"Should Jews back boycotts, or not?
"A united front has forced positive changes since 1867"
by Rafael Medoff
JEWISH WEEKLY OF NORTHERN CALIFORNIA (San Francisco, California)
Friday May 17, 2002
Full article on the Web at:
http://www.jewishsf.com/content/2-0-/module/displaystory/story_id/18285/edition_id/365/format/html/displaystory.html
(Excerpts:)
"...Yet the history of American Jewry is replete with instances in which Jews used the boycott weapon, often with considerable success.
"In 1867, for example, Jewish organizations launched a boycott against insurance companies suspected of discriminating against Jewish clients.
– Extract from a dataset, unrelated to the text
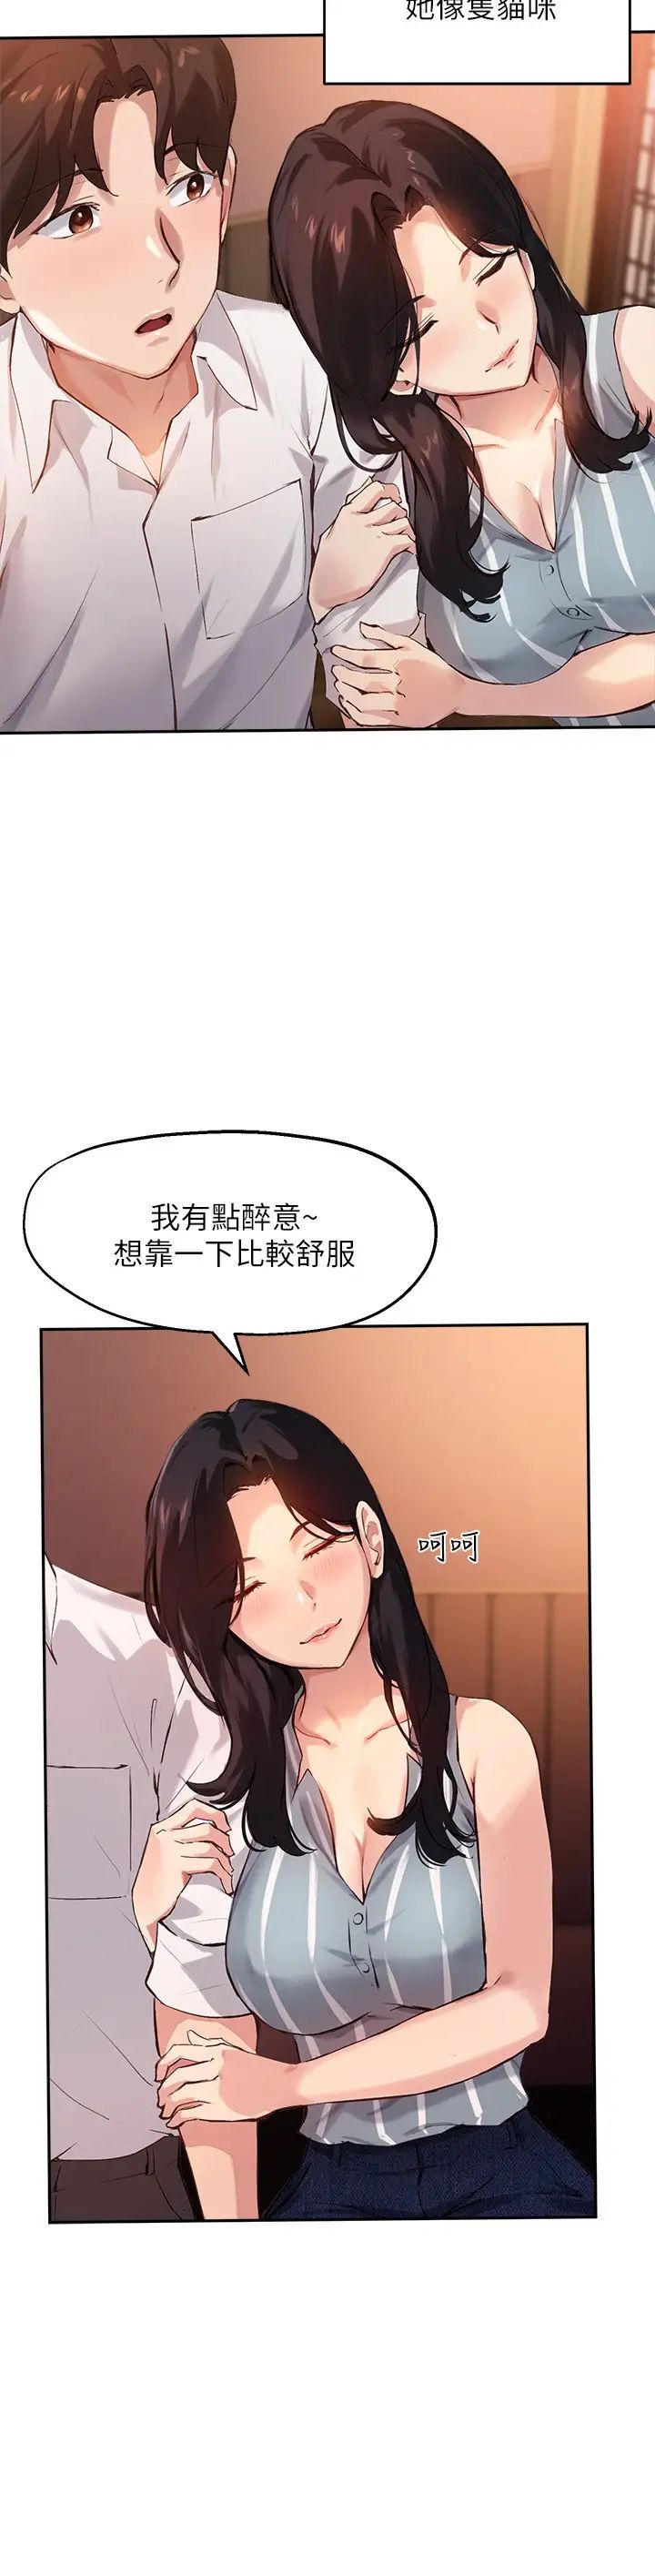 韩国污漫画 指導女大生 第29话隐密包厢内的诱惑 17

The companies soon changed their policies.
"Ten years later, Jewish groups boycotted stores and other businesses owned by the A.T. Stewart Company after one of its resort hotels refused admittance to a prominent Jewish banker, Joseph Seligman. The boycott brought about the cancellation of the hotel's discriminatory policy.
"An increase in the price of kosher meat from 12 cents to 18 cents per pound in 1902 prompted Jewish women on New York City's Lower East Side to organize a boycott of kosher butchers, complete with picket lines, carefully organized neighborhood boycott committees, and patrols to enforce compliance. Within weeks, the Beef Trust agreed to drop its prices.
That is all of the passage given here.